Jaekeun Lee's Space     Projects     About Me     Blog     Writings     Tags

Logistic Regression

Tags:

  • Logistic Model is a statistical model that uses a logistic function to classify dependent variable.

  • In general, (Binary) Logistic Regression is used for binary classification. (Pass/Fail, Alive/Dead, Win/Lose, etc…) If there are more numbers of dependent variables, you should look into multinomial logistic regression

  • As its purpose is mainly in binary classification, the model is often used for supervised machine learning.

  • The dependent variables are labeled as 0 or 1.

  • If the probability of predicting dependent variable to 0 is above 50%, the dependent variable will be classified as 0. Else, it would be classified as 1.

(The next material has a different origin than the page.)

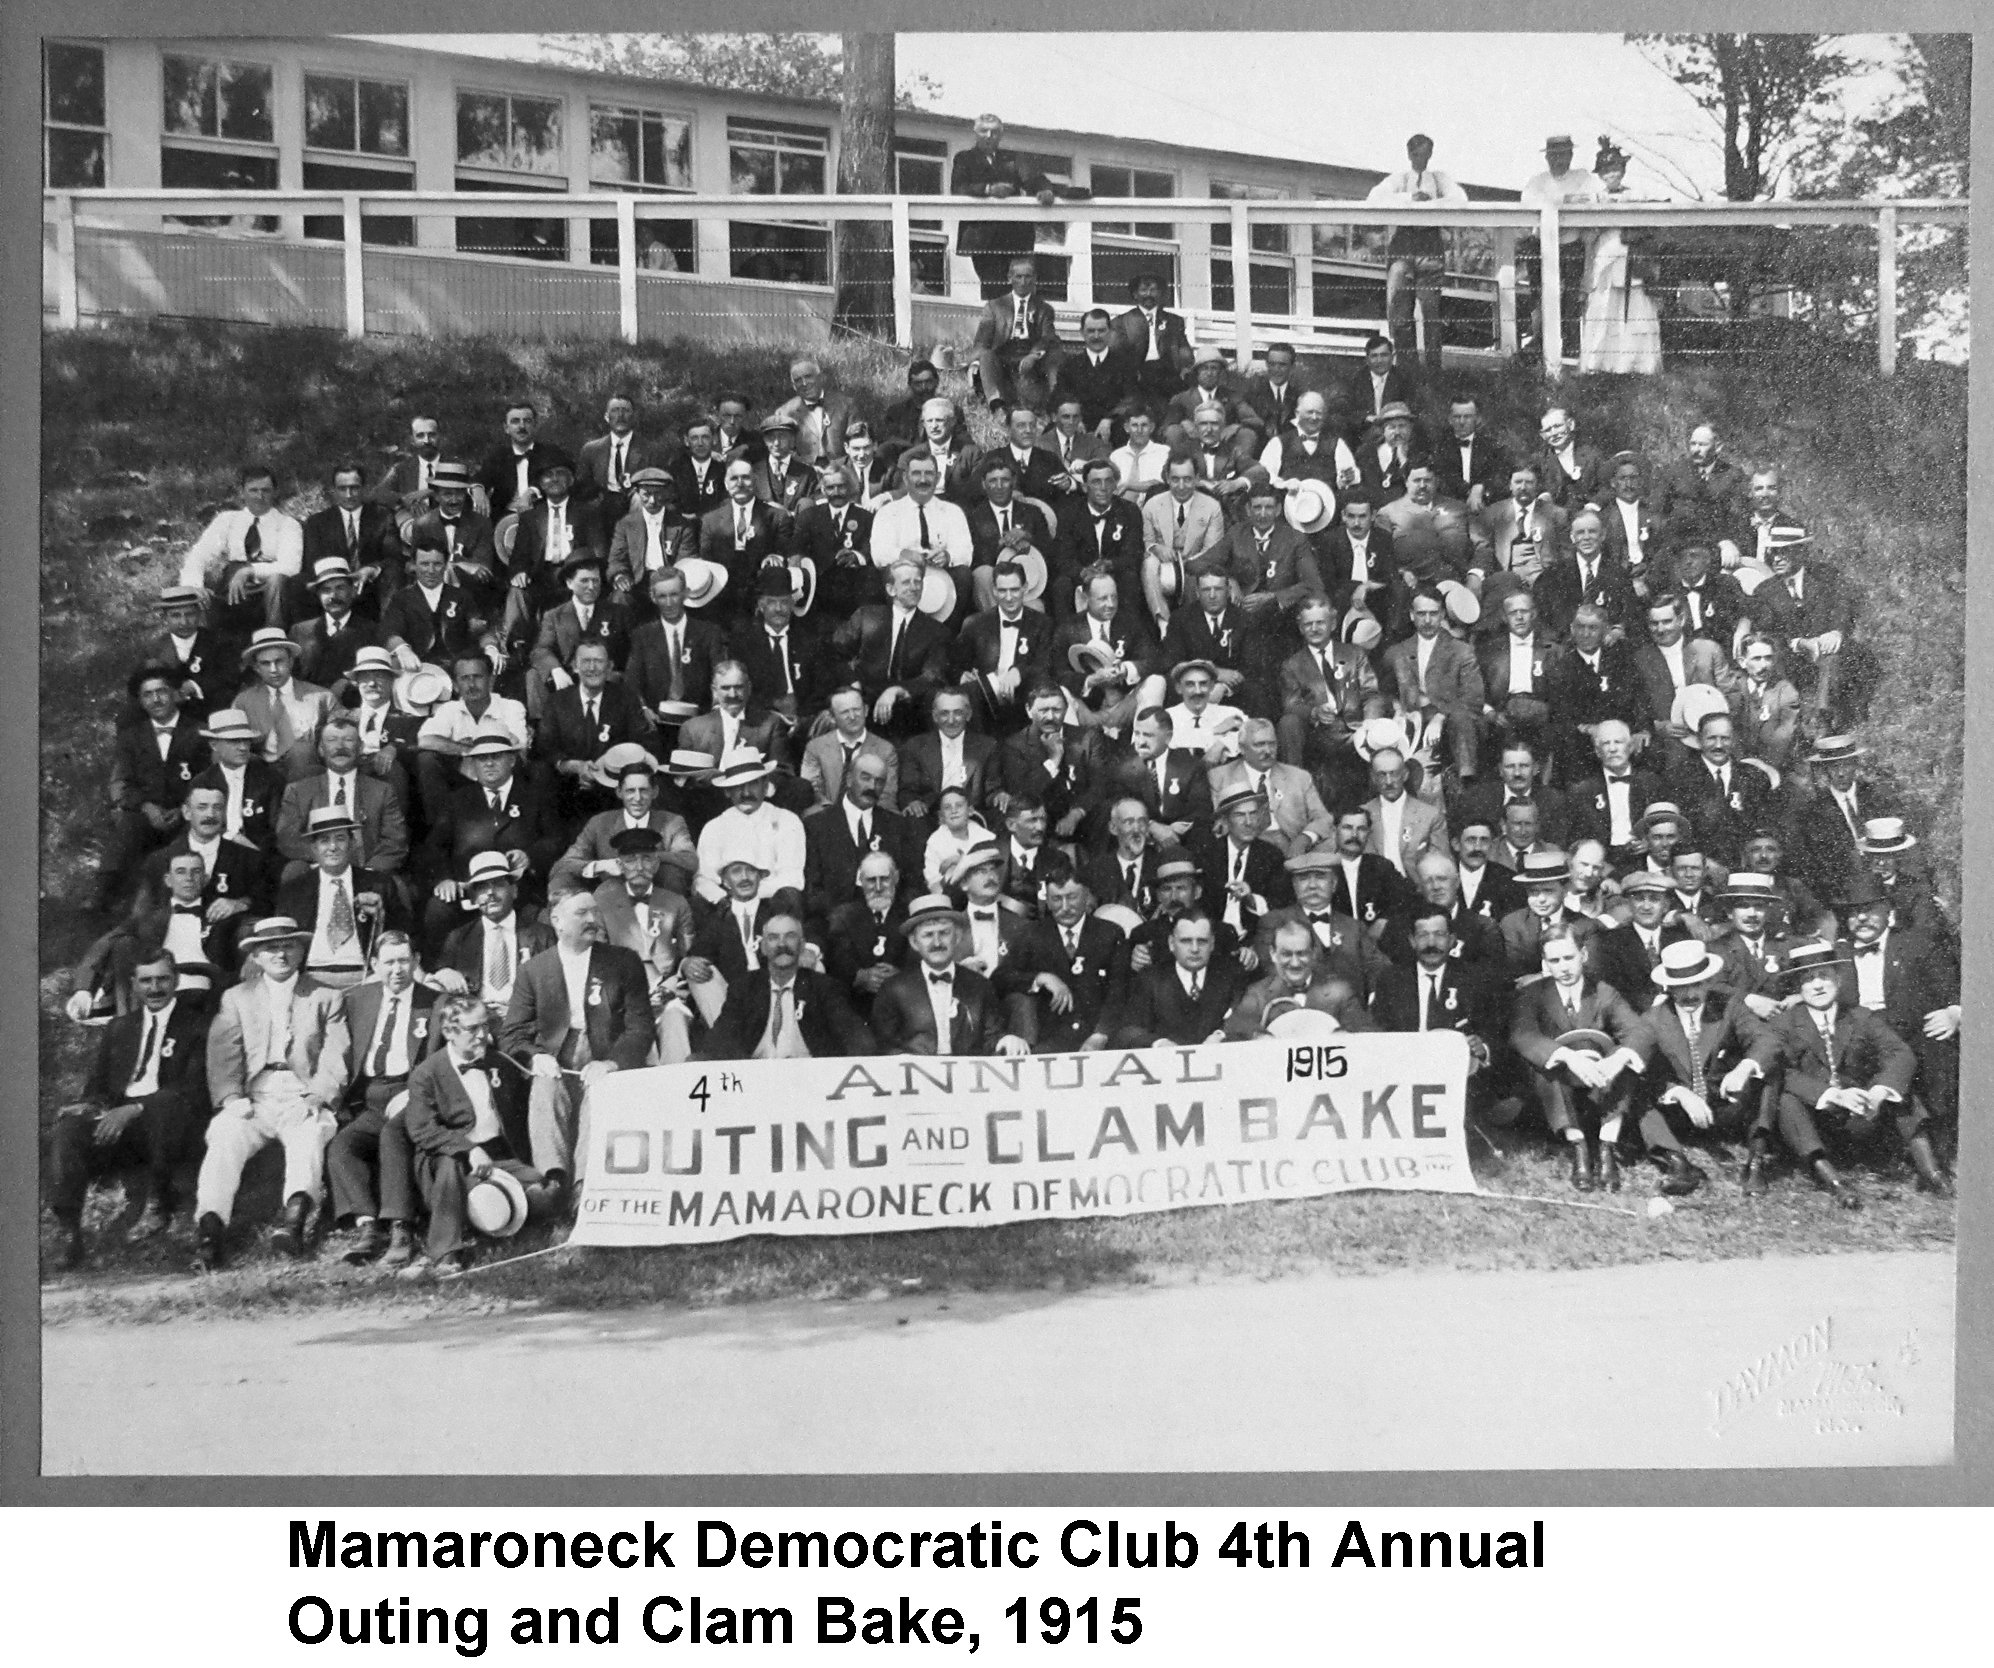 WD-30-A Mamaroneck Democratic Club 4th Annual Outing and Clam Bake 1915 captioned.jpg

The Logistic Model derived from linear regression. If we set y as the probability of predicting one of the two dependent variables, classification becomes easy.

If y > 0.5, it will be labeled as dependent variable A. If y < 0.5, it will be labeled as dependent variable B.

\[y = ax+b\]

However, as we can see from the linear regression model above, y and x can have infinite values. As the name suggests, the logistic model is derived from the linear equation by transforming it with logit function.


Logit Function

Logit function, or log-odds is the logarithm of the odds(relative probability the event will happen)

\(odds : \frac{p}{1-p}\) p is the probability that the event will happen. Thus, the logit function and inverse logit function is:

\[logit(p)= ln\frac{p}{1-p}\]

Logistic Function

Using the logit function, the linear model can be transformed as following equation:

\(logit(p)= ln\frac{p}{1-p}= ax + b\)
\(\frac{1-p}{p}= \frac{1}{e^{ax+b}}\)
\(p= \frac{e^{ax+b}}{e^{ax+b}+1}\)


How to Use it on Python


Let’s get into some practical stuff now. The code for logistic regression is pretty short and simple. You just need training dataset and testing dataset to build a model.

from sklearn.linear_model import LogisticRegression

# Calling the function and training data
lg = LogisticRegression() #make an instance of the Model
lg.fit(x_train, y_train)  #fit your training dataset

# Making predictions and calculating accuracy
predictions = lg.predict(x_test) # Predictions 
accr = lg.score(x_test, y_test) # Accuracy

print(predictions)
print(accr)